I am very proud to be one of the top contributors* of the Aya, the world’s largest open-source, multilingual dataset collection** and a SOTA, multilingual first LLM (Cohere For AI)

🙏 Special thanks to İrem Ergün for inspiring our society at Bilkent Yapay Zeka Topluluğu about the Aya project. My deepest appreciation also goes to project head Sara Hooker and to Ahmet Üstün, Shivalika Singh, Sarah J., and Madeline S., along with all other team members and the 3,000+ contributors for their outstanding efforts.

🤩 It’s incredible to be part of a project with over 3000 contributors worldwide, all thanks to Cohere For AI team and @’s leadership. Truly inspiring!

(*) #1 contributor in Turkish and #16 Global out of 3000+ contributors to Aya dataset

⭐ Aya Project comprises a SOTA open-source, multilingual model and the world’s largest multilingual dataset collection.

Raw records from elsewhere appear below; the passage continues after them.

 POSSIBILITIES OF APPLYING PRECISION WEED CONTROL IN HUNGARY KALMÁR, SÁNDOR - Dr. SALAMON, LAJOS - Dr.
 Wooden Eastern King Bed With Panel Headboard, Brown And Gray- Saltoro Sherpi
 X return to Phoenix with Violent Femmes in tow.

📑 Aya is intentionally fully multilingual first – Most generative AI models are designed to be English first, and many global communities have been left unsupported due to the language limitations of existing models.

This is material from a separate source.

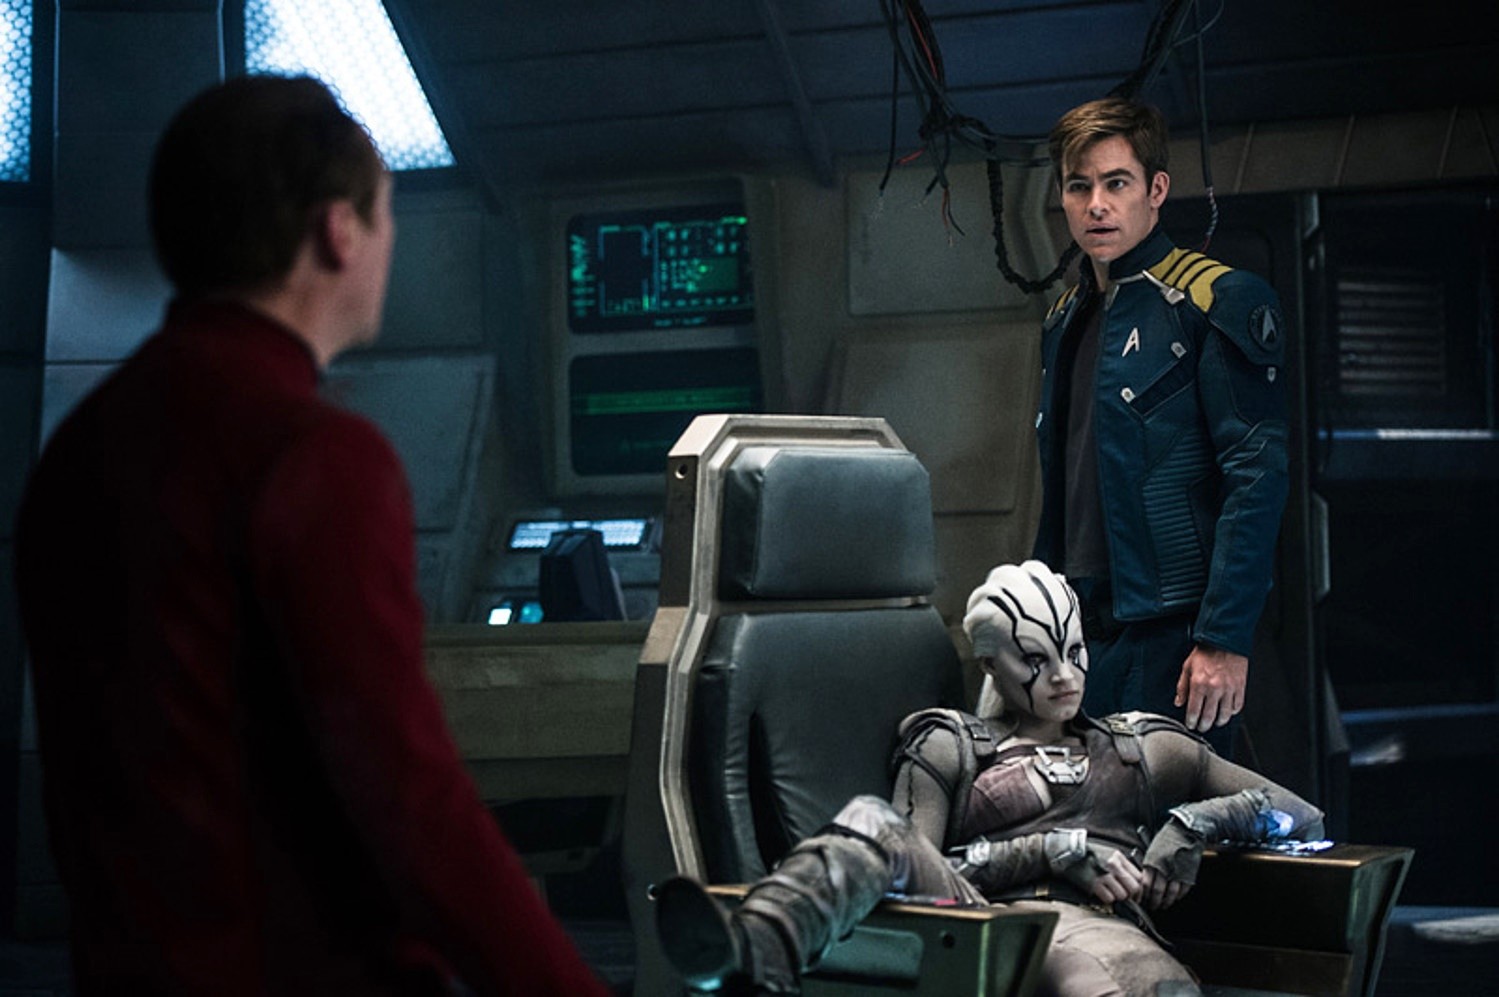 Sofia Boutella stars as Jaylah and Chris Pine stars as Kirk in Paramount Pictures' Star Trek Beyond (2016)
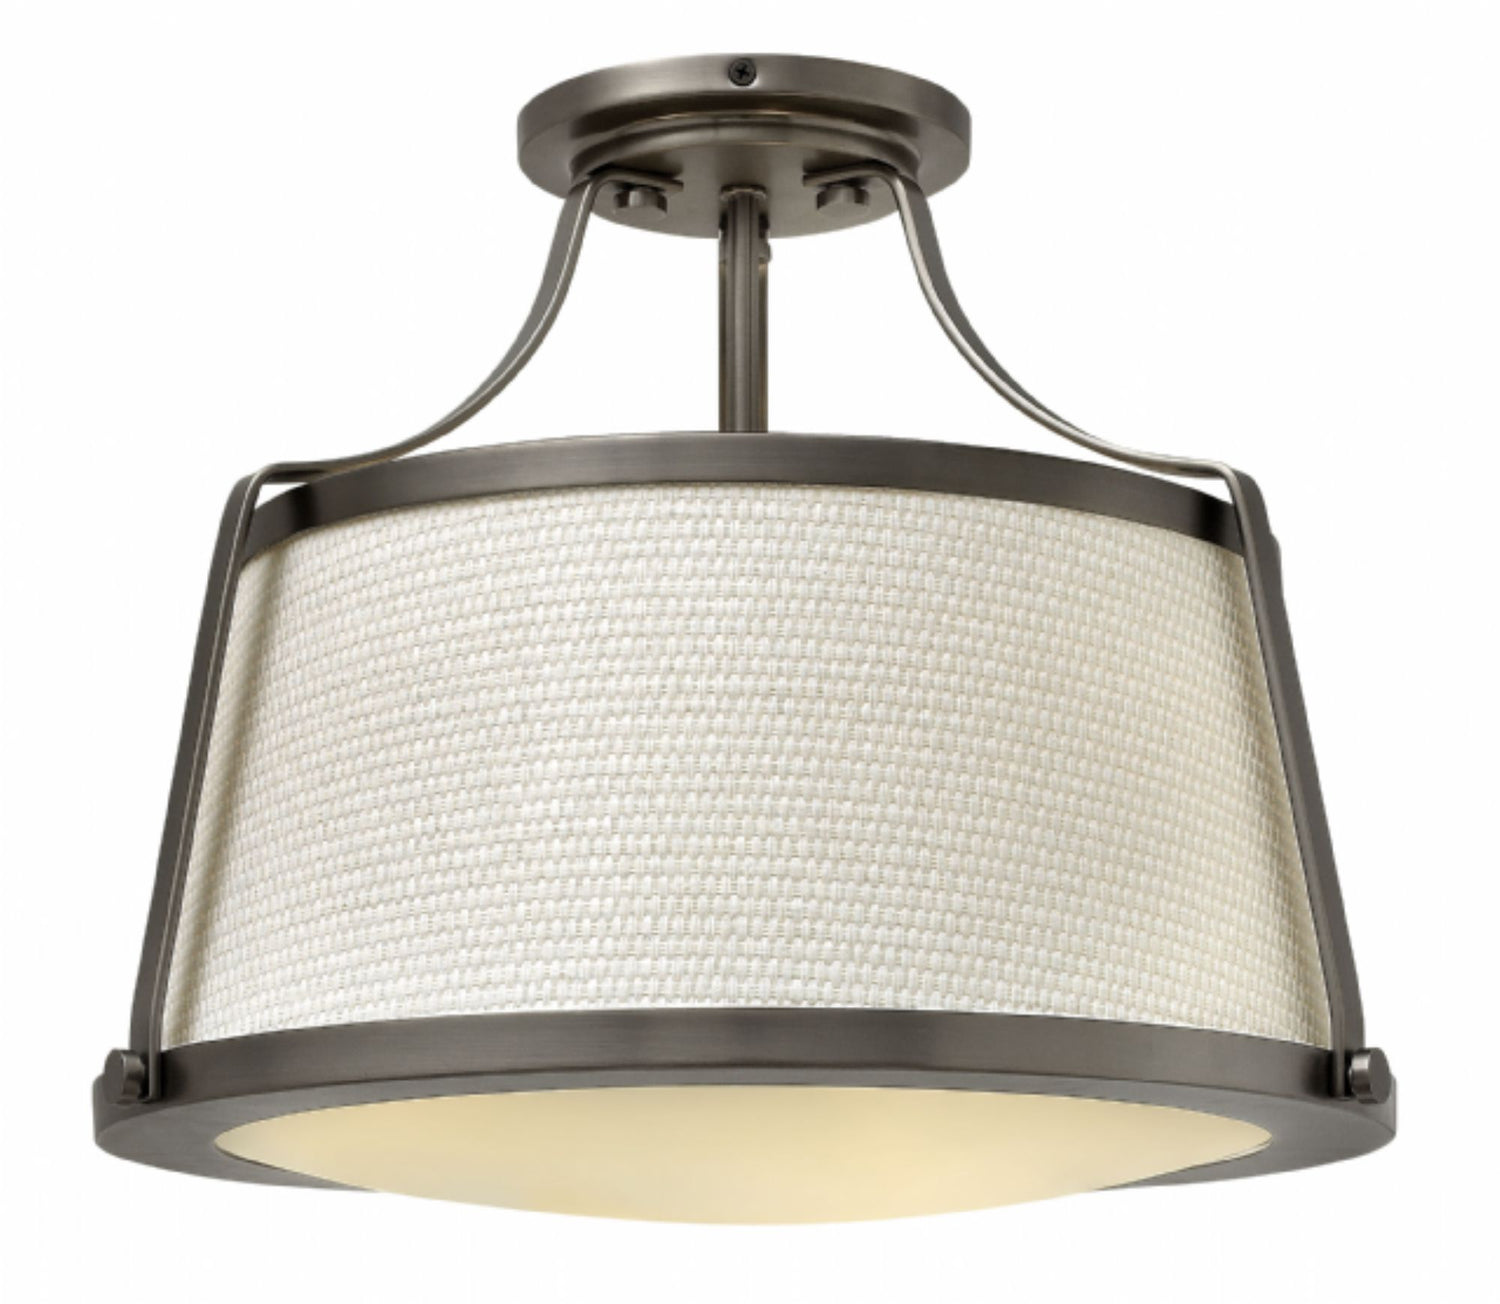 Charlotte 3 Light Semi Flush in Antique Nickel with Woven Off-White Fabric Shade by Hinkley Lighting 3521AN

🤖 Large Language Model: The Aya model is state-of-the-art and outperforms existing massively multilingual open-source models – The Aya model covers 101 different languages, far ahead (2x) of open-source baselines (mt0, bloomz). It outperforms the best multilingual models in benchmark tests while extending language coverage. (Licence: Apache 2.0)

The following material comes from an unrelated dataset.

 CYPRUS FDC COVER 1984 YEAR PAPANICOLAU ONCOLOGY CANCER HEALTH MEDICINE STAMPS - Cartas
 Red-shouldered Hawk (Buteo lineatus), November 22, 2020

(**) 🗃️ Dataset: In addition to the Aya model, we are releasing the Aya collection – the largest collection of multilingual instruction fine tuned dataset to date, with 513 million prompts and completions covering 114 languages. We fully open-source the collection, which includes rare human-curated annotations from fluent speakers worldwide.

🚀 Largest participatory research initiative to date, changing how breakthroughs happen – The research involved 3K independent collaborators across 119 countries, making this the largest open science project to date in the field of machine learning.

Aya will be made available to the research community to further advance this critical effort. The work provides AI researchers with a first-of-its-kind foundation to support multilingual open-source AI research projects.